Overheard at the shopping centre:
An old bloke whispering to his elderly wife, “What happened to our sexual relations?” “Don’t know”, she answered, “We haven’t had a Christmas Card from them in years.”
Age, it’s a beautiful thing and as an ‘oldie’ marketer myself, I know that despite most seniors having a more than adequate disposable income and ready and willing to buy luxury goods, no one wants to serve us. We’re bloody invisible it seems.
Shopping is fun, nobody knows you’re there. I sometimes wonder how shop owners survive, not because we don’t want to shop there but because I’m certain if we began a shoplifting spree, nobody would notice. After all, who’s going to sue you for lifting incontinent pads?
Supermarkets are nothing short of nightmares. The porridge is always on a shelf that was built for an eight foot giant, when everybody knows we oldies grow smaller. Short of hiring Adam Sanderlands to go shopping with, no one’s feeding their face with the Uncle Toby’s oats this week. And whoever decided electric doors were a good idea needs to spend some time watching terrified Edna as she tries to emulate Usain Bolt. She’s felt the cold breeze of those automatic doors whistling up her nether regions more than once.
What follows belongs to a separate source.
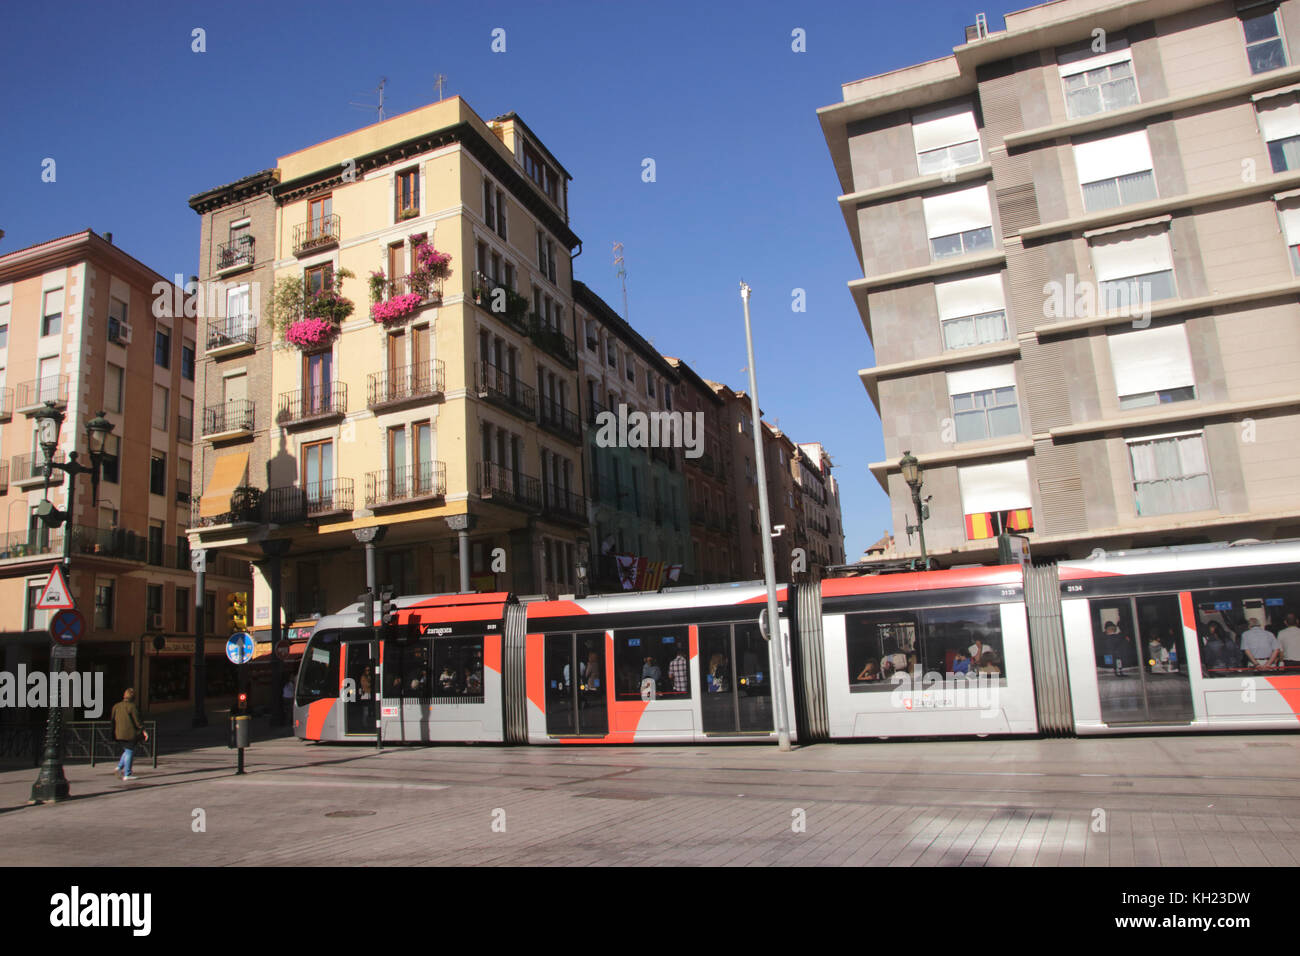 Tram in Avenida de Cesar Augusto Zaragoza Spain Stock Photo

Escalators are fun too. They may not be deadly to the nimble, but when you feel like your legs are pinned together with a safety pin, alighting the darn things is akin to saddle bronc riding.
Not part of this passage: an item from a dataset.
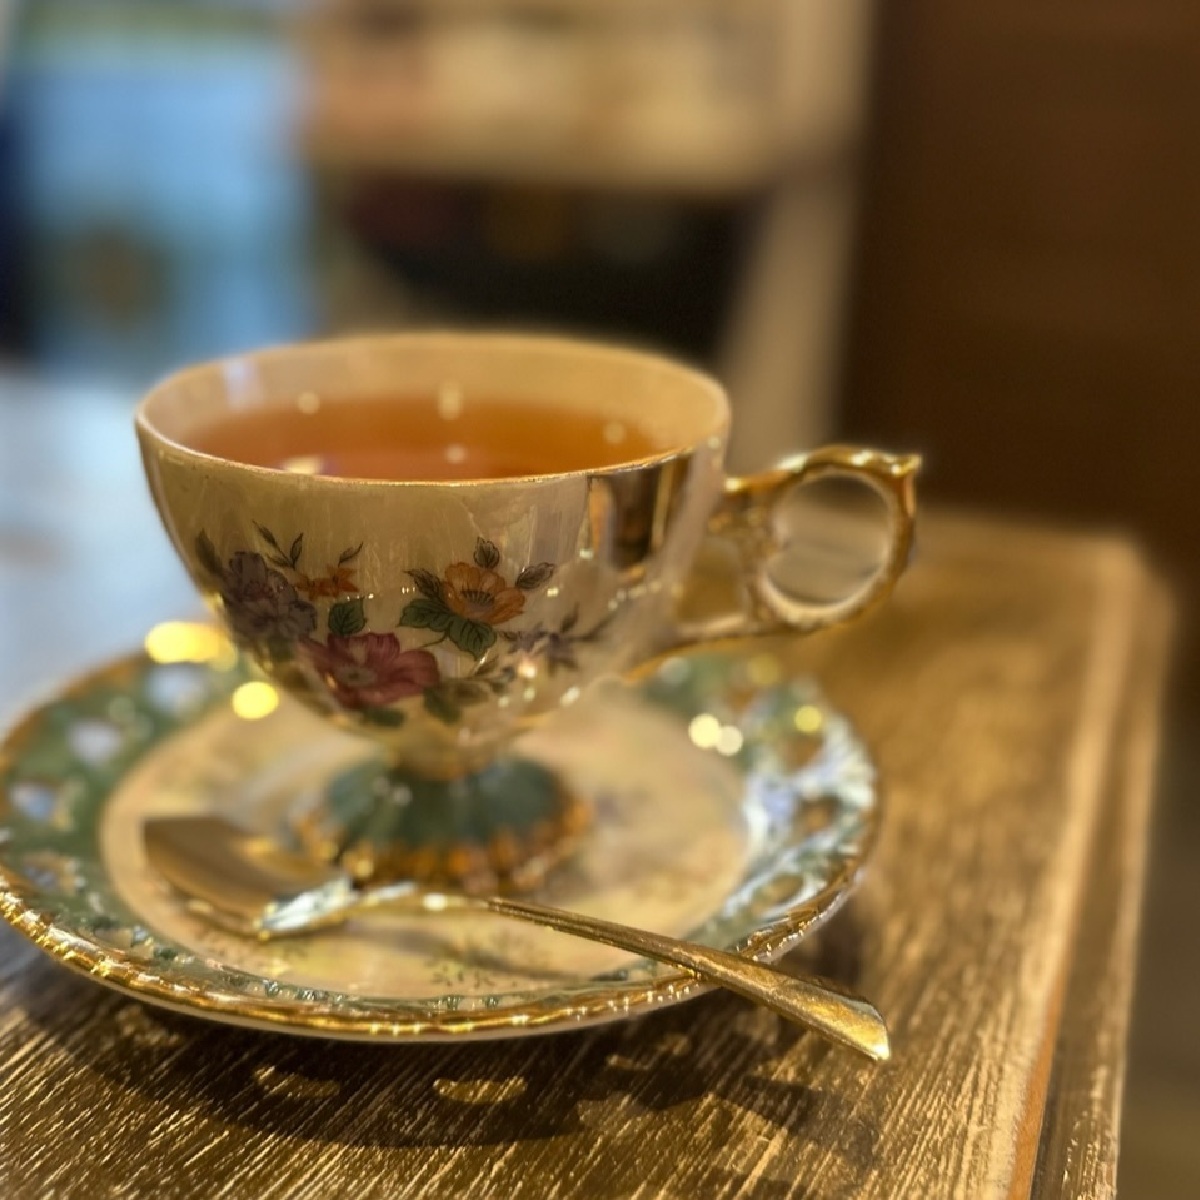 紅茶王子のいる本格的こだわり紅茶専門店「Tea room...7」@北与野

Sadly it’s not our world anymore – but watch out, vengeance is on its way. As more and more silver haired folks turn to technology we are reaping our revenge. We’ve quickly learned if you’re going to ignore us, we’ll ignore you. We’ve discovered online shopping and we don’t have to move off our collective clackers to get anything we want. Yes the internet is our friend. It warmly greets us with our name, conveniently lists everything that’s available, lets us choose without pressure, with no express lanes, boring packing, ignorant sales people and a nice chappie delivers it all to our door – with a smile.
Retail? Poop! We don’t need it any longer. And that’s nobody’s fault but the stores and their personnel. You made it very clear we’re invisible, so now we are and so is our money. You can’t be polite, you don’t stock our products, except incontinent pads, and worst of all you lack patience. Retail? You deserve everything you get. You’ve forgotten the golden rule – “They who have the gold rule.”
We may be small in stature but we’re large in number and we’re voting with our feet and if you want us back there’s a simple formula. It goes like this.
The Customer is King… no matter what their age.